To make it taller, Justin created an extra storage compartment in the middle (we plan to paint the whole thing white, BTW). This is a great place to put baskets, to store hats and gloves.

Next, he built a boot bench, so as you come in the door, there's a convenient place to sit down and remove your boots.  Of course it will have storage below for boots and shoes.  And once it's done, I've made this custom polka dot cushion to make it a bit more comfortable!

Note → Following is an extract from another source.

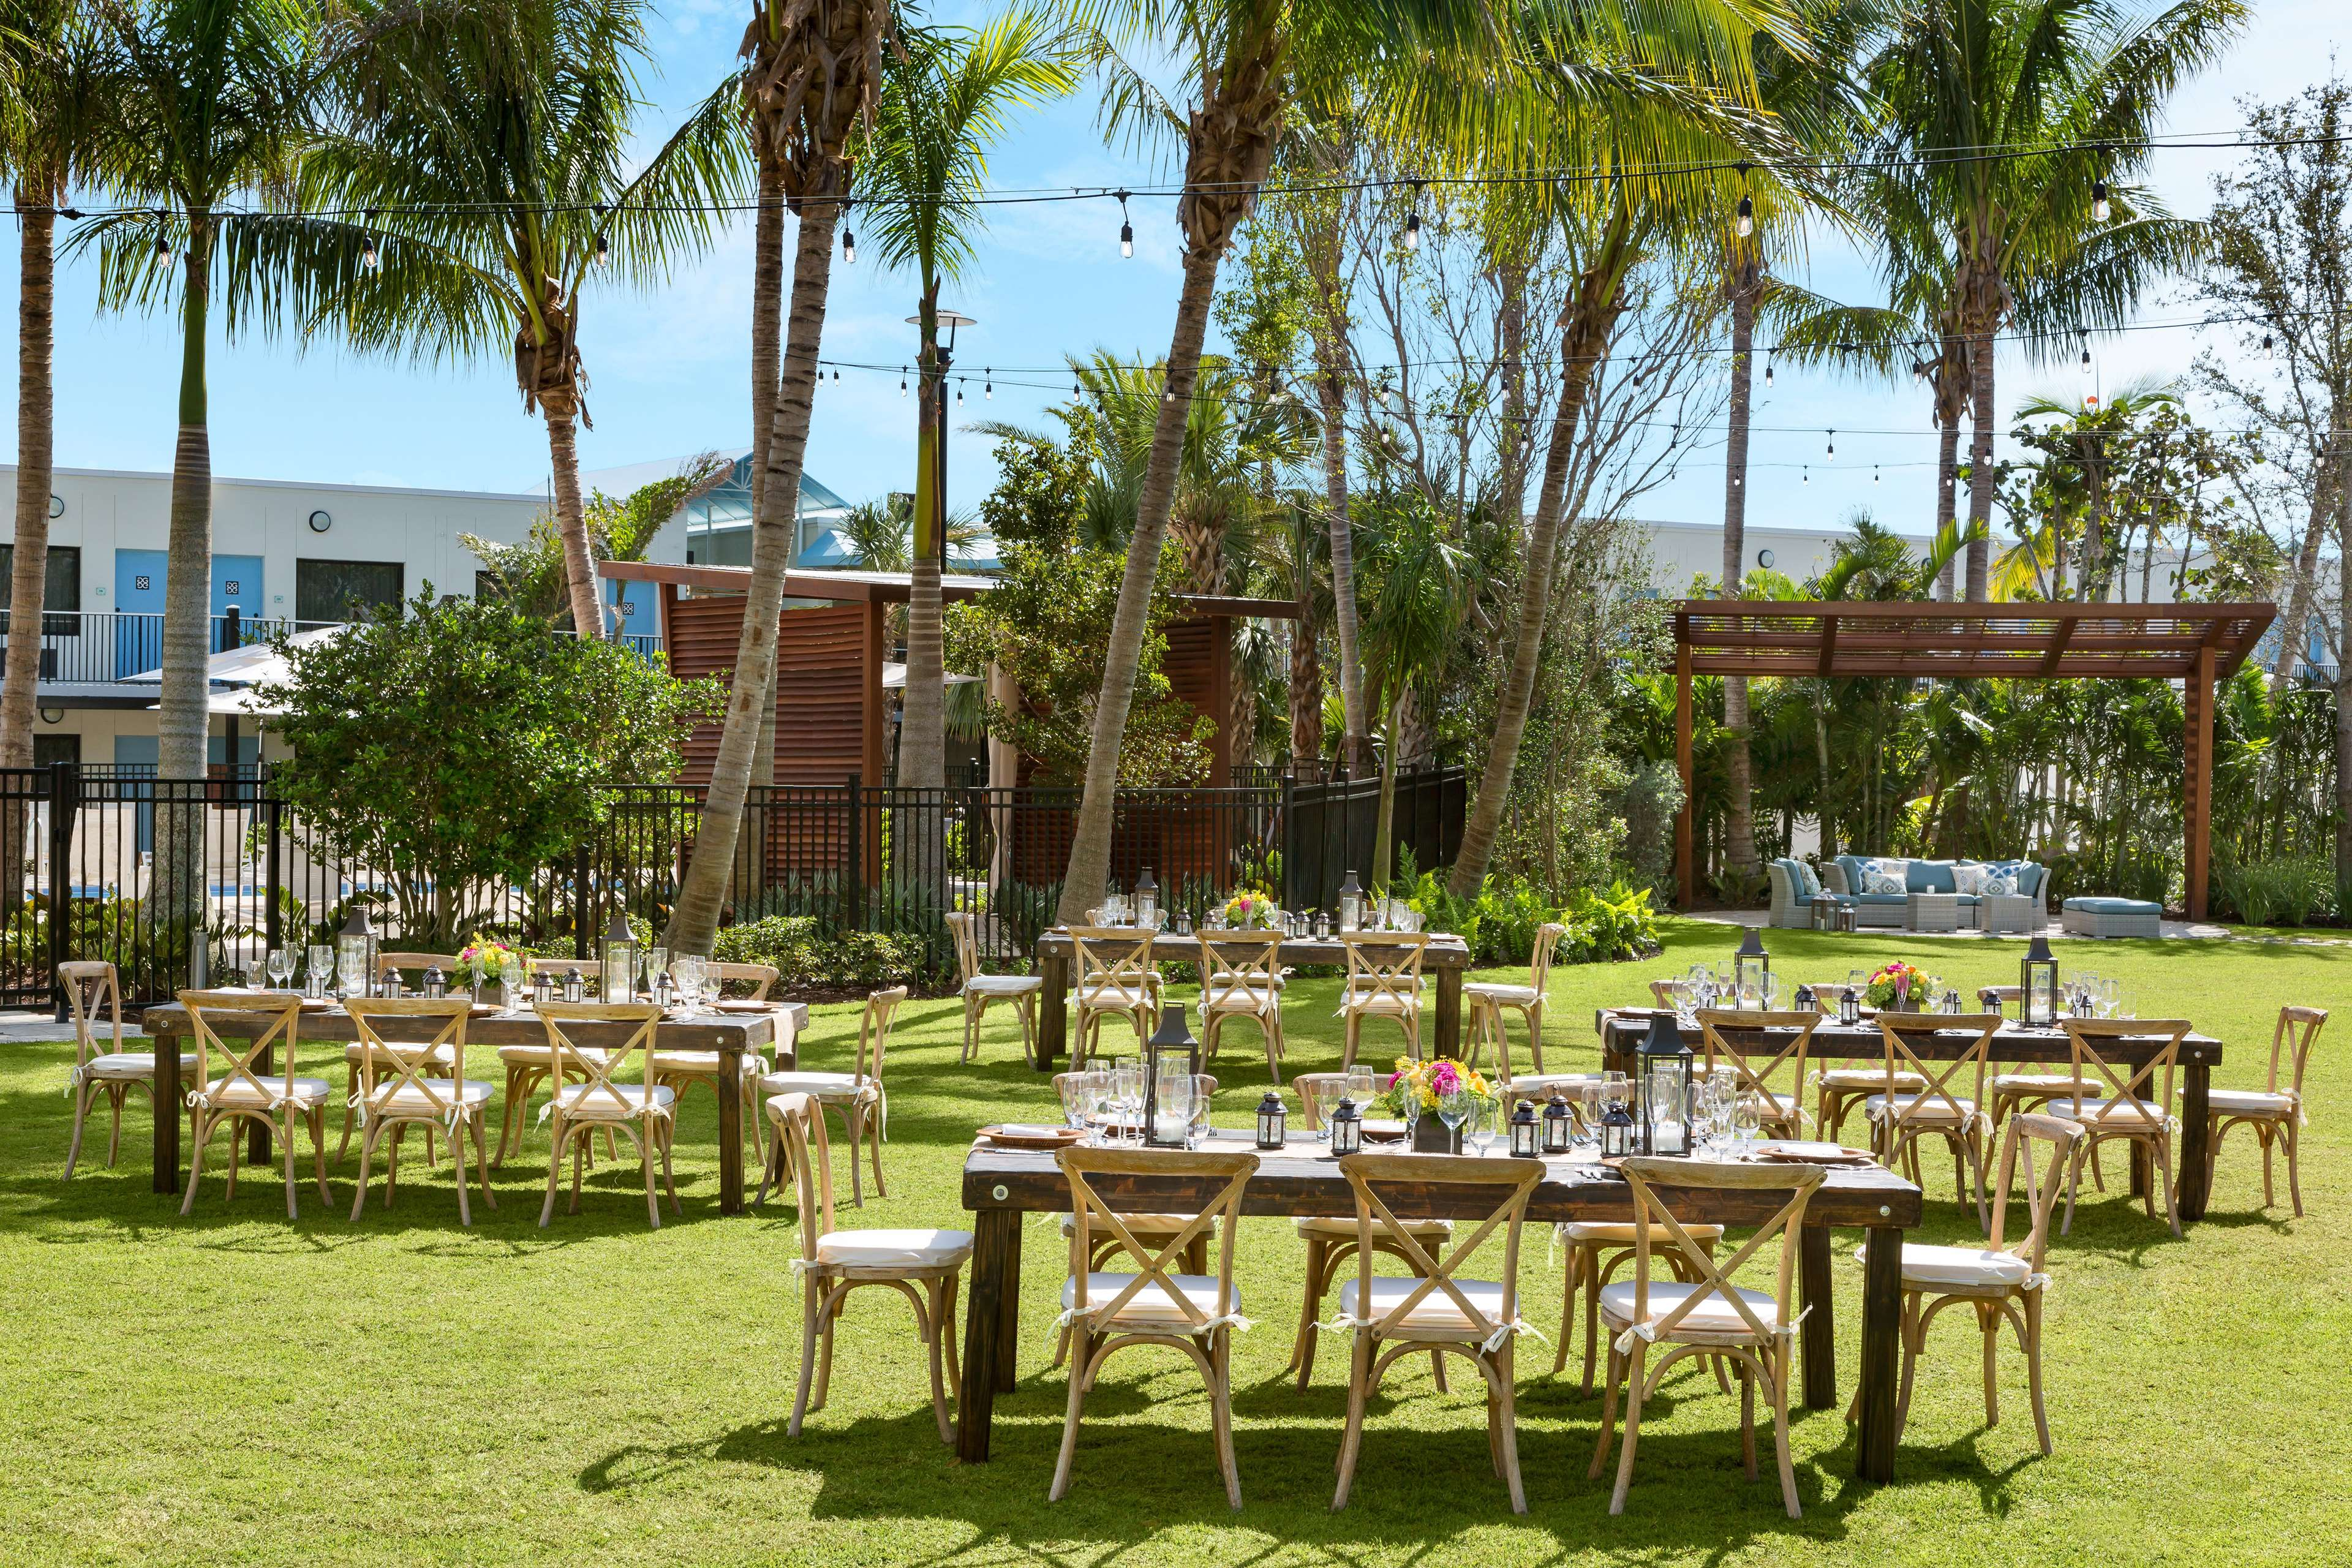 Hilton Garden Inn Key West / The Keys Collection

Mudroom Storage Wall - all the woodwork will be painted white

And on the opposite wall, he built a bead board wall for lots of coat hooks, to hang up all your stuff!
We just need to add coat hooks!
With all that white bead board, I'm thinking about Tidewater Blue on the section of wall at the top
Restoration Hardware Circa 1900 Steamliner Fixture in Polished Nickel
For lighting, we're installing these Restoration Hardware nautical style lights.  I LOVE them!!  There is only one bulb, so I'll install 2 of them, since the room is 13' long.

At the back of the mudroom, there's a powder room, which is also pretty convenient.  I'll be sharing more about that soon!

But for now, we're ready for mud season.  Bring on the spring thaw!!